The evening begins at each church with 7 p.m. Mass on March 29. Each of the churches will then remain open for the pilgrimage. The Blessed Sacrament will be processed to a special place of reposition in preparation for Good Friday services.
“It is a tradition that helps put faith into the concrete – we take the time to decorate to honor the presence of Christ and join him in the ‘garden’ of Gethsemane,” said Father Norman Carroll, pastor of St. Elizabeth Church in Wilmington.
Bishop Malooly will preside at Mass at the Cathedral of St. Peter, which, along with St. Mary of the Immaculate Conception and St. Patrick will remain open until 9 p.m. St. Joseph Church on French Street also remains open until 9.

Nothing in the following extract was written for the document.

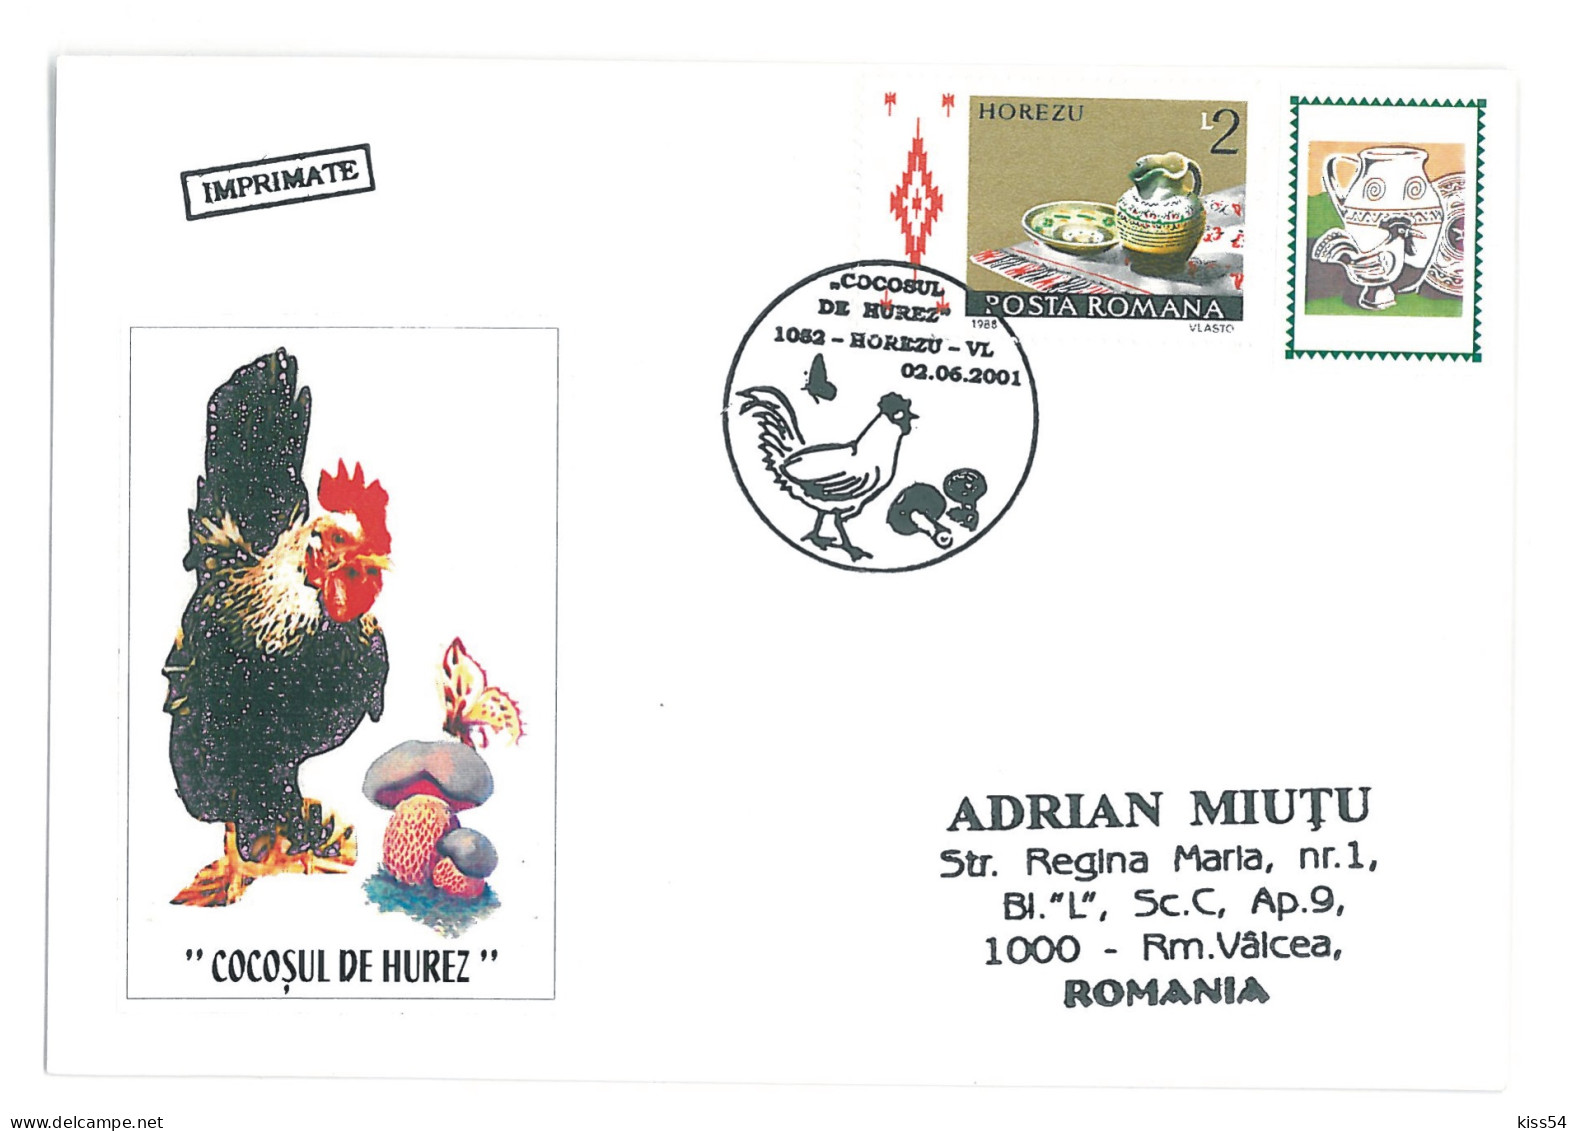 COV 51 - 1572 COCK, Bird, Romania - Cover - Used - 2001 - Gallinaceans & Pheasants

St. Thomas the Apostle and St. Hedwig are open until 10 p.m. St. Hedwig will have Tenebrae at 10. St. Thomas will host a Tenebrae service on March 28 at 7 p.m.
The following churches are open until 11 p.m.: St. Ann, St. Elizabeth and St. Paul. The pilgrimage at St. Paul will take place in the lower chapel.
Father Carroll, who remembers the tradition from his childhood, said the tradition offers other benefits. For one, it gives people an opportunity to visit a church they might not otherwise have a reason to see. And visitors “might be inspired by one another’s devotion,” he said.
Holy Thursday signals the end of Lent and the beginning of the Holy Triduum, which ends on Easter Sunday. Visiting seven churches is a tradition that grew from the time of prayer and adoration after the Holy Thursday Mass. The practice may have originated in Rome, where pilgrims would visit the seven major basilicas.